TO DO. Retype the entries exactly, but skip the pictures.

[Stored records]
----------------
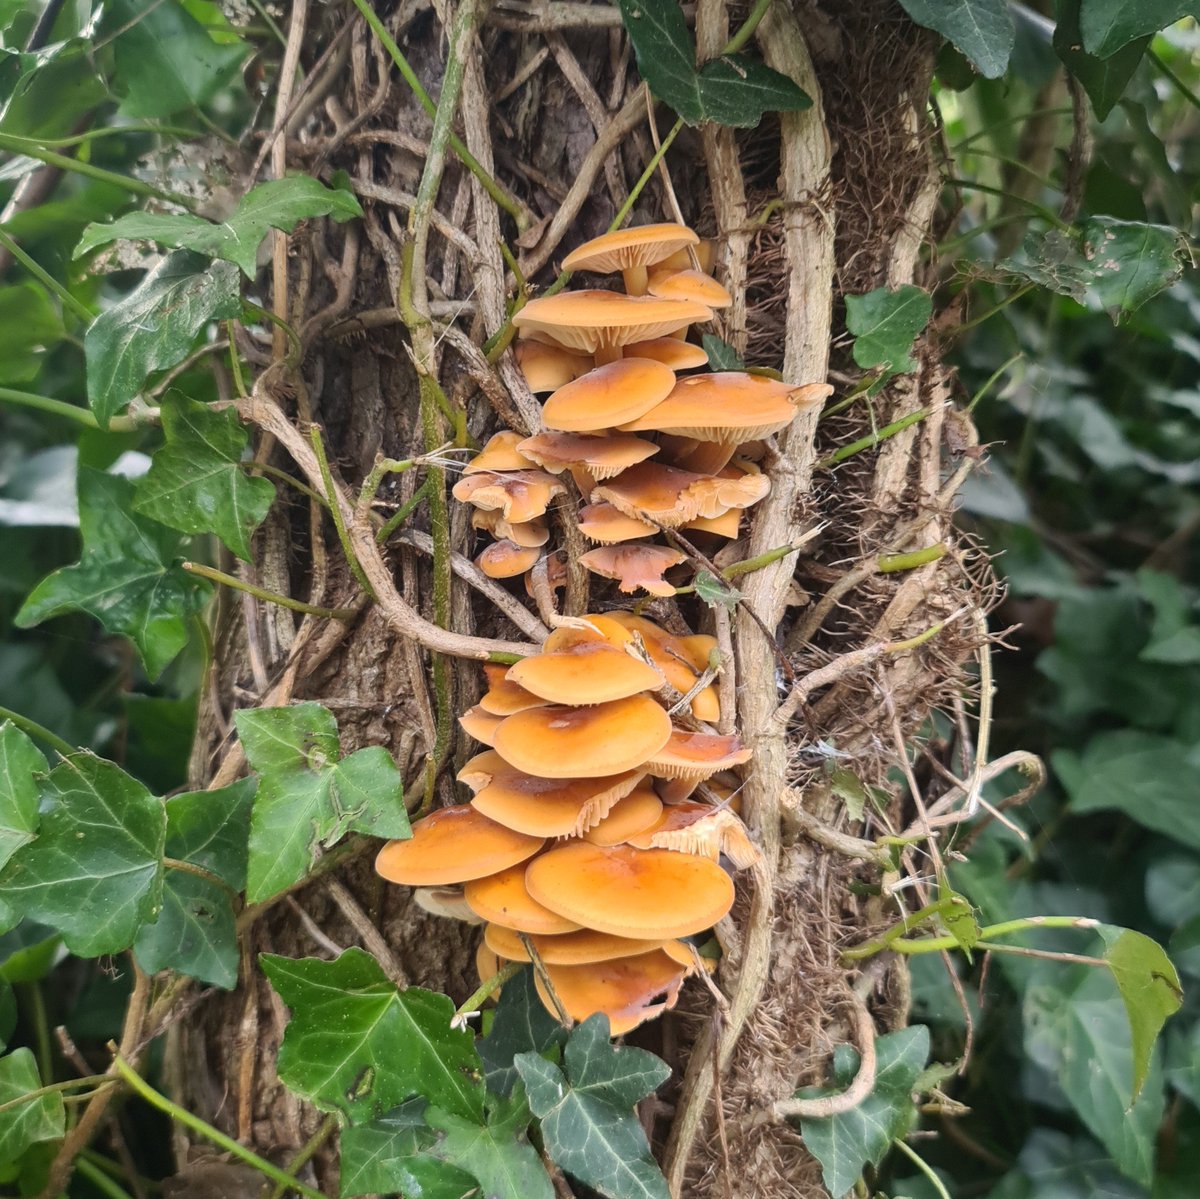 Velvet Shank #fungi at Bowling Green Marsh this week. 
#FridayFungi
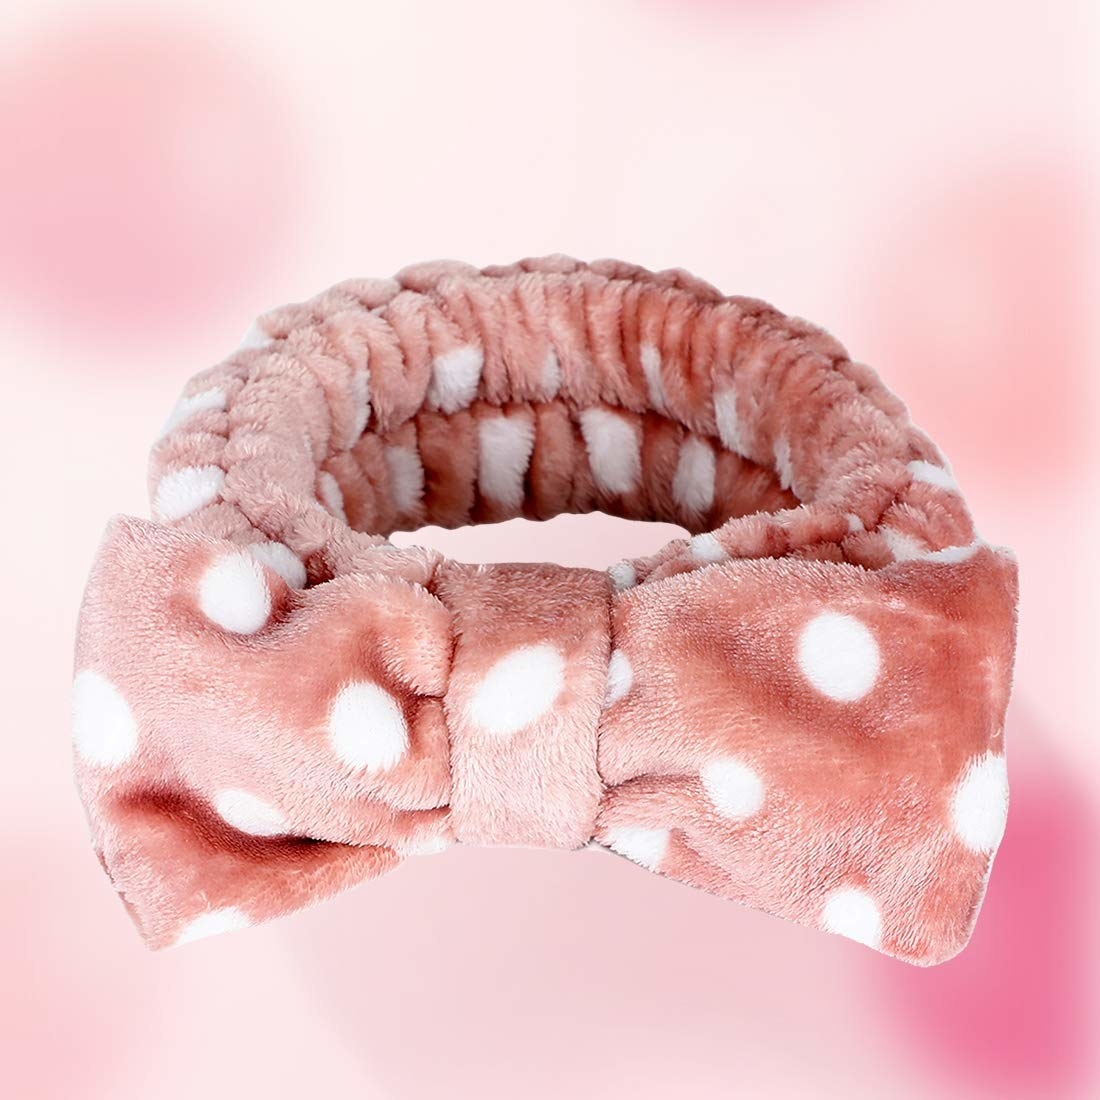 A pink headband with a white polka dot design
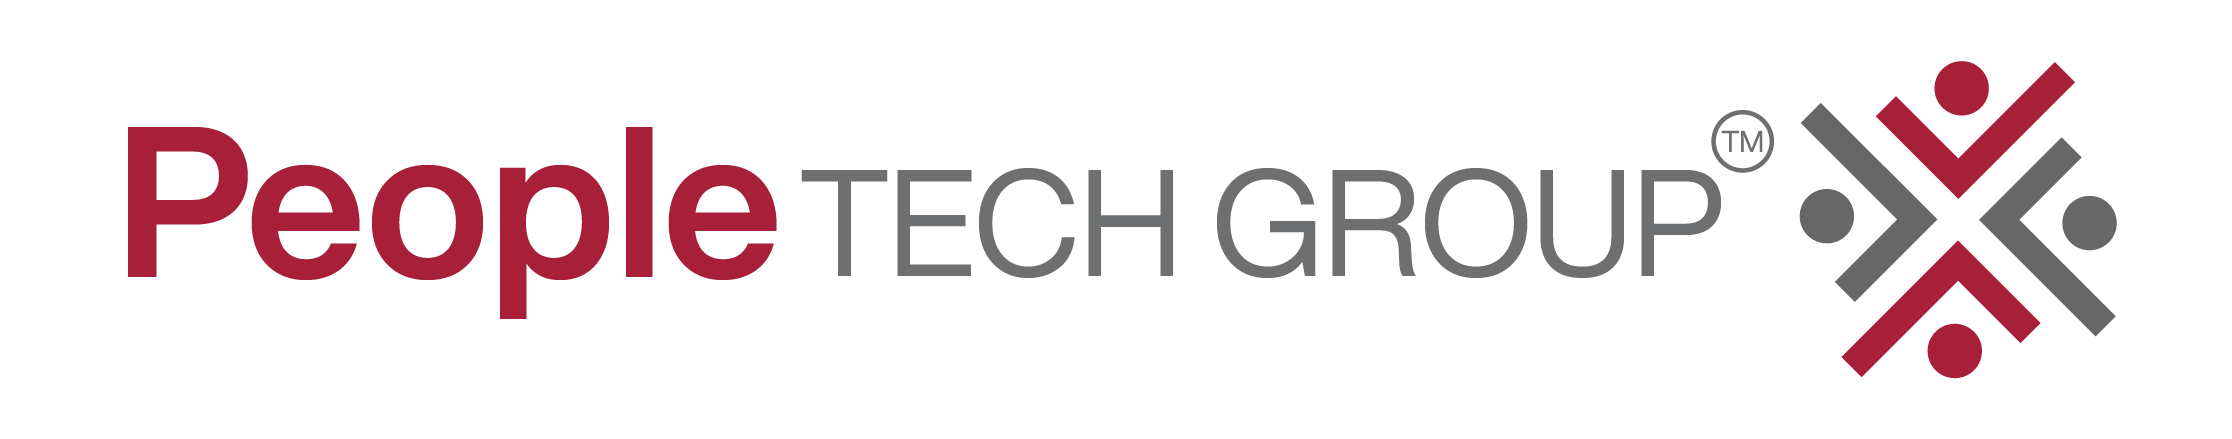 People Tech Group, Inc. logo
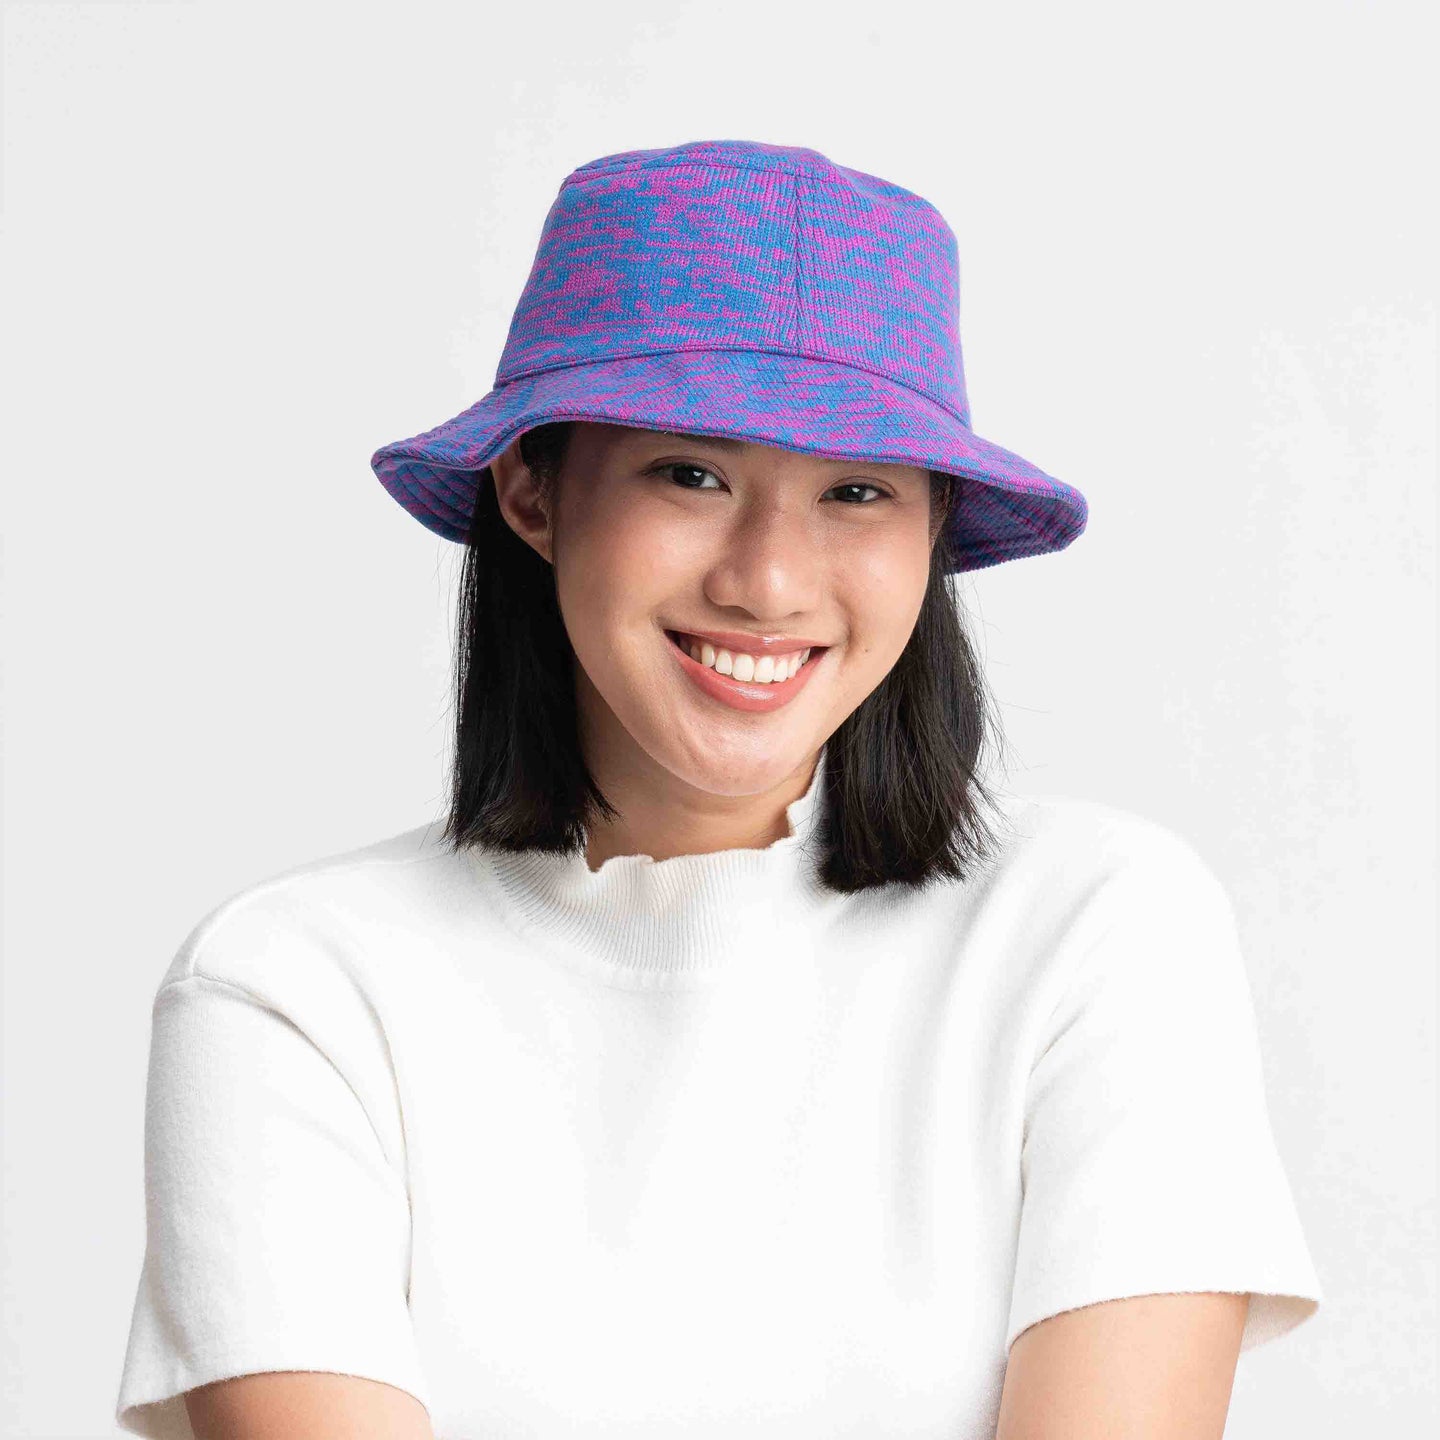 Twist Bucket Knit Hat Marl Upcycled Soft
----------------
WRITTEN RESPONSE.
 Velvet Shank #fungi at Bowling Green Marsh this week. 
#FridayFungi
 A pink headband with a white polka dot design
 People Tech Group, Inc. logo
 Twist Bucket Knit Hat Marl Upcycled Soft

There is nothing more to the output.